Of course, this is nowhere near as bad as the time that pictures of me ended up on a gay German piercing fetish website. But that's another story.

What I've been reading recently: the humanure composting book. Yes, it's a book about composting human excrement. But even if you don't want to give that a go (and, just so Heather doesn't worry, I don't), it's a fascinating read for the general how-to of composting. The written style is engaging, the subject matter darkly fascinating, and the actual advice about building and maintaining compost heaps is well worth reading. The "humanure" composting technique the author recommends basically involves composting the waste in a standard compost heap, so the general composting stuff is very authoritative. Worth a look. Also good for the section on grey water recycling (which is my other recent interest).

Over at my aunt and uncle's place at the weekend, I picked up a load of surplus 2x4s that they had lying around.

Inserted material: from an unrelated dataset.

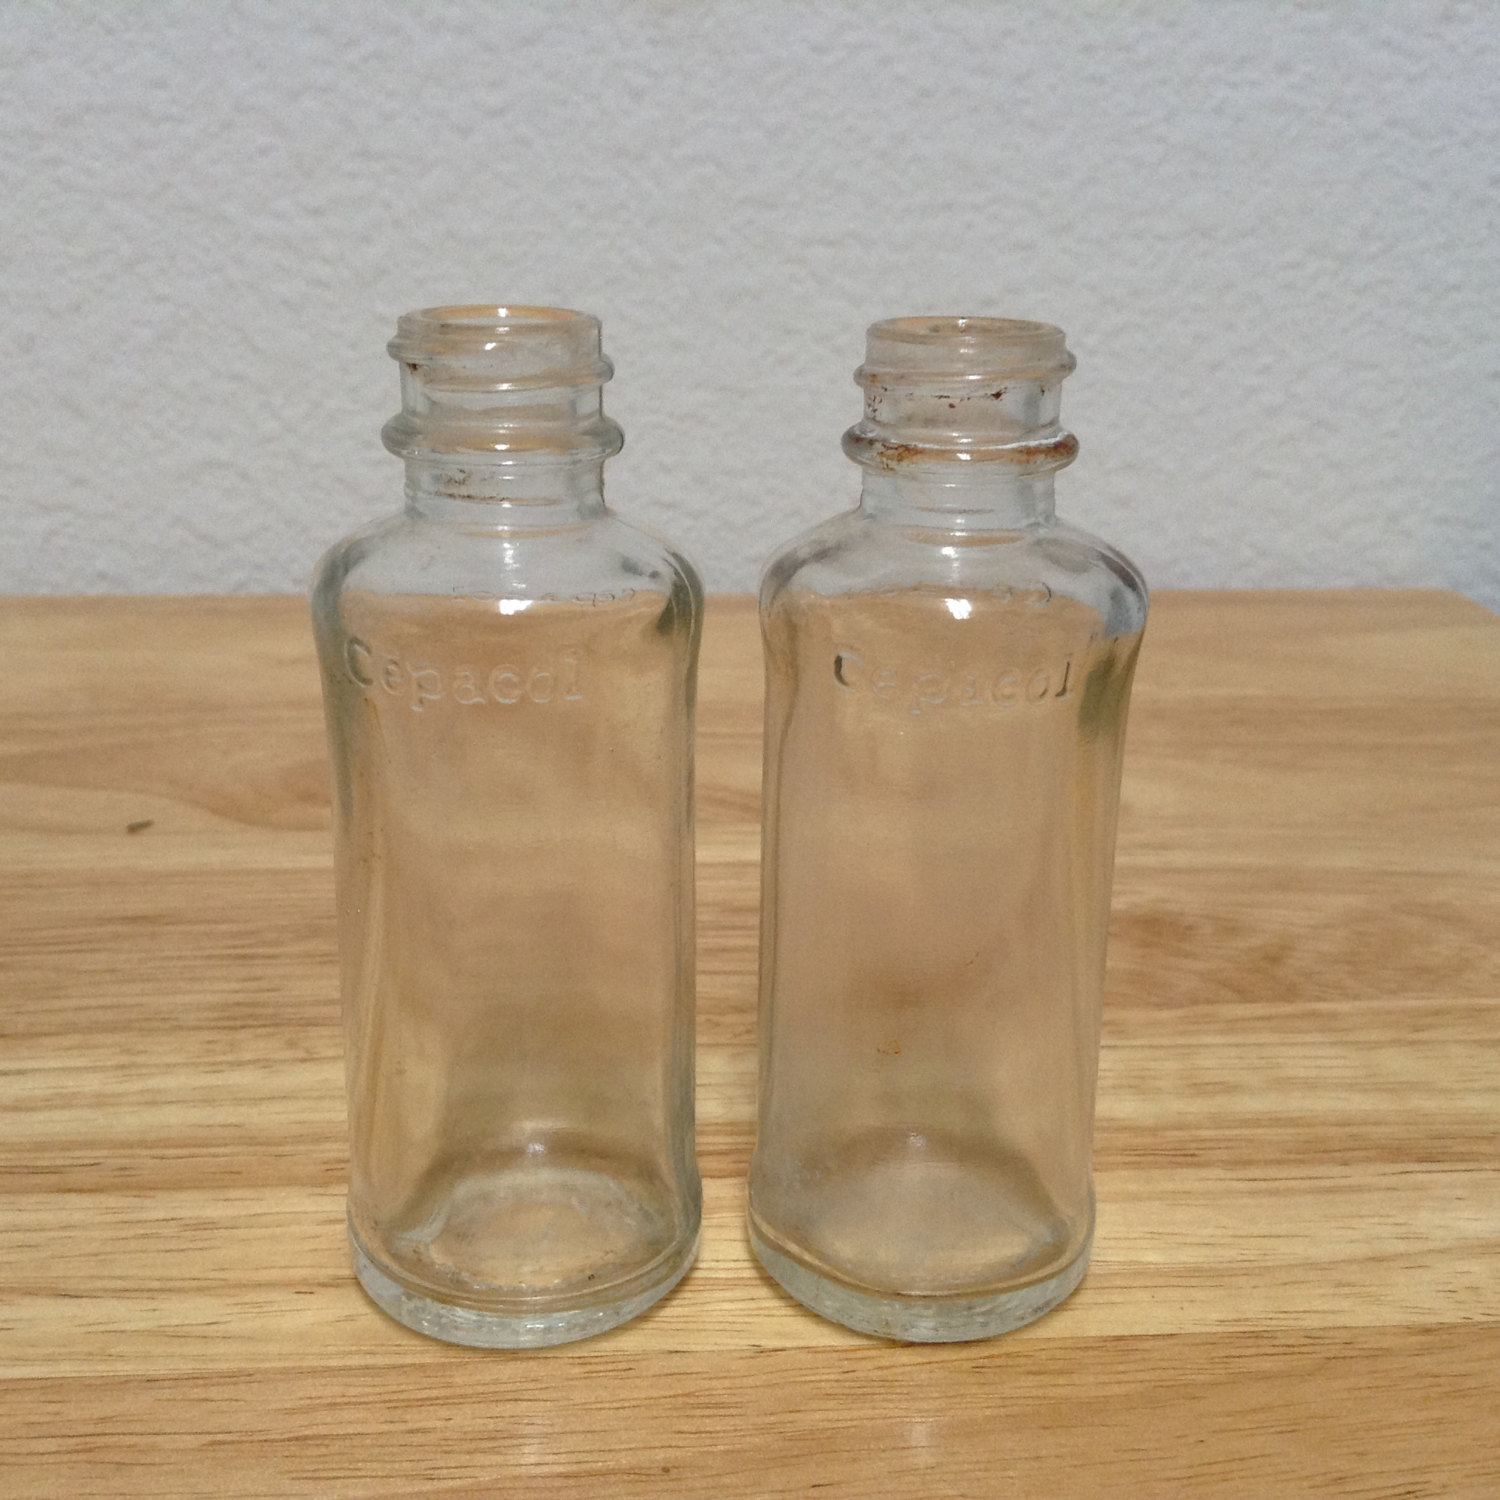 Vintage Cepacol Glass Bottles Vintage Clear Glass Medicine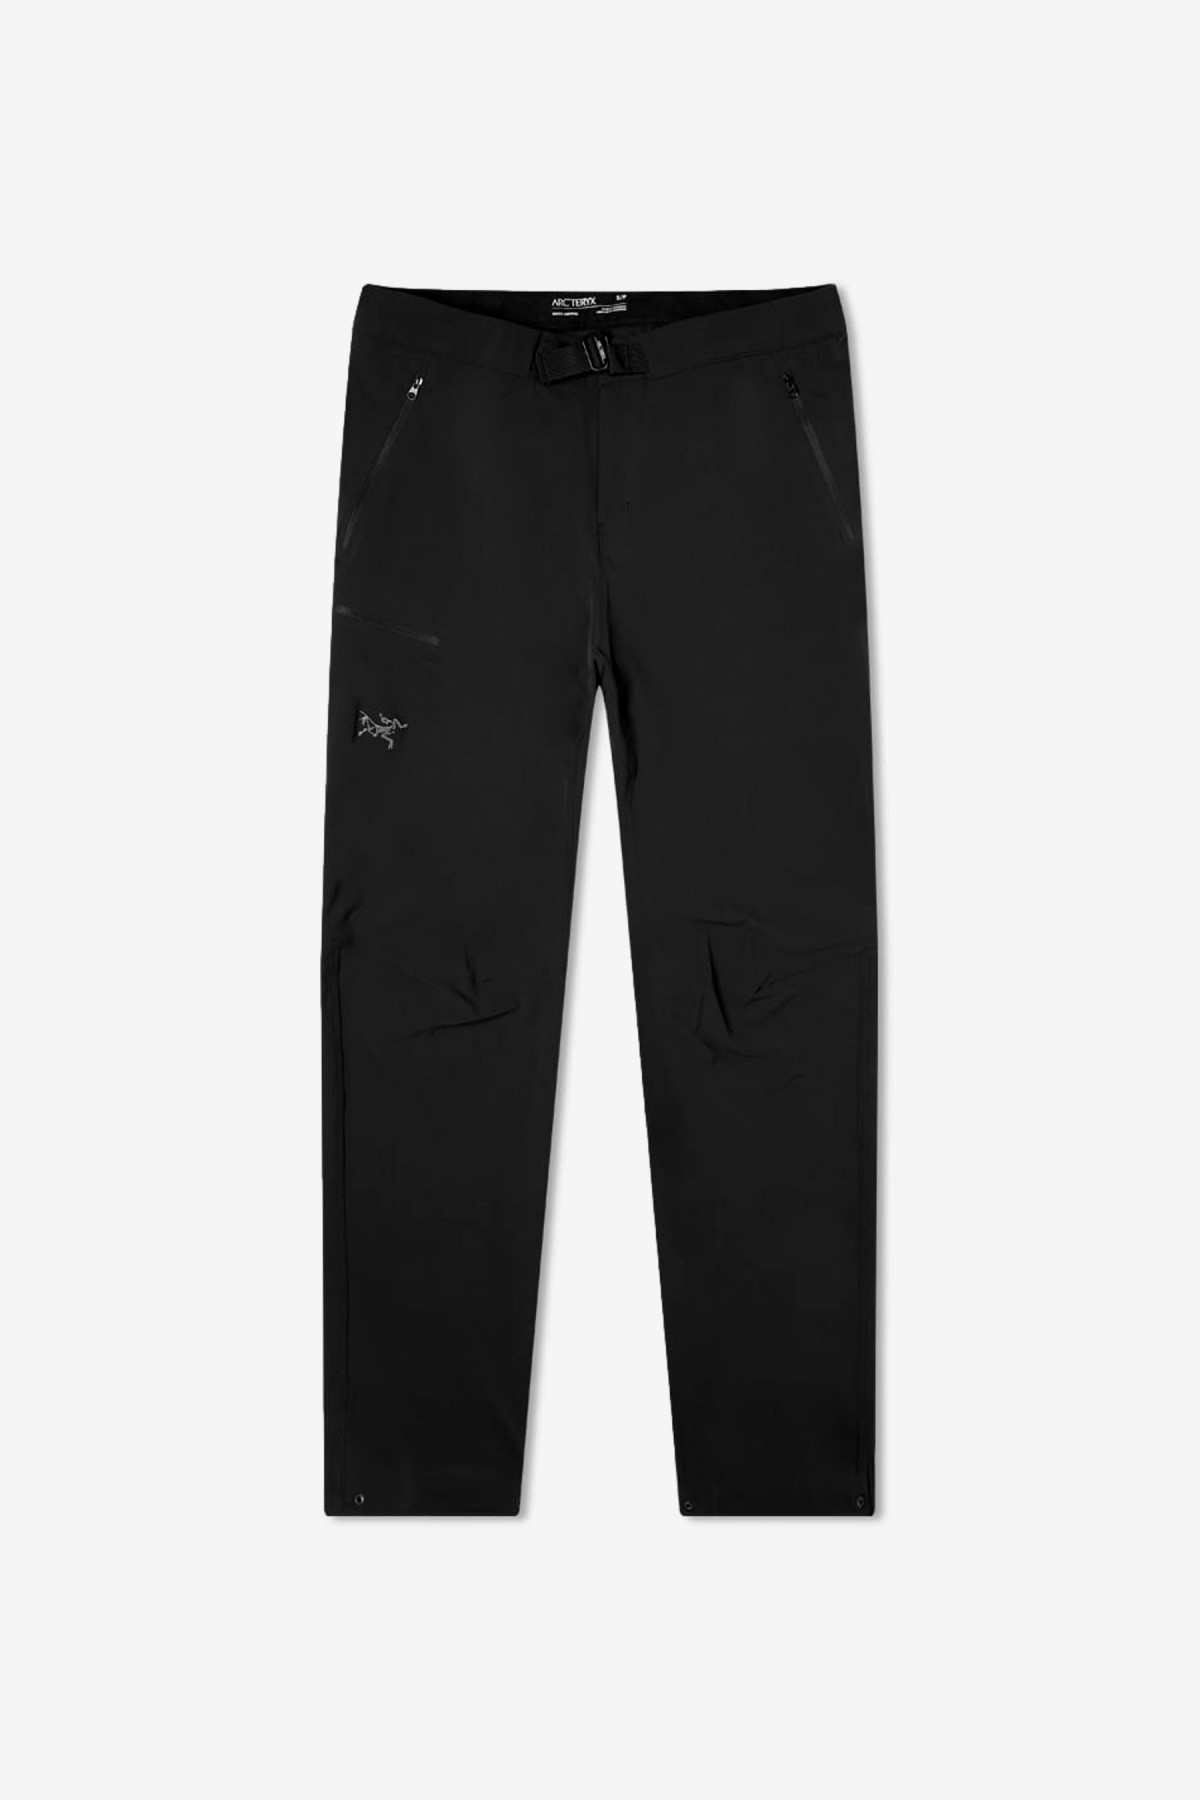 Arc’teryx Gamma LT Pants in Black

My uncle is an inveterate fiddler - he always likes playing with things to get them just right. In this case, that extended to them remodelling the house that they built themselves less than six years ago. As part of this, they had a large pile of spare lumber - heat treated to preserve it so no dodgy chemicals. Excellent. I spent a happy hour or two with a wrecker's bar removing old nails from the wood, and then Rob (uncle) merrily deployed the industrial-strength mitre saw and sized everything nicely. So we've got a stack of lengths of 2x4 in the garage, sized to make a couple of smallish raised beds, for free. Result. I'm a happy Jack. So part of the plan for the weekend is to build and creosote the frameworks, and then look at options for getting a metre or two of topsoil. I may also cruise around the Ohiro Valley looking for cheap horse manure. Fun!

Mildly more serious: the Wellington City Council are currently accepting submissions for the next revision of the mountainbiking access plan. If you're at all interested in cycling around Wellington, consider making a submission. If nothing else, I'd like to get Seton Nossiter Park legally rideable.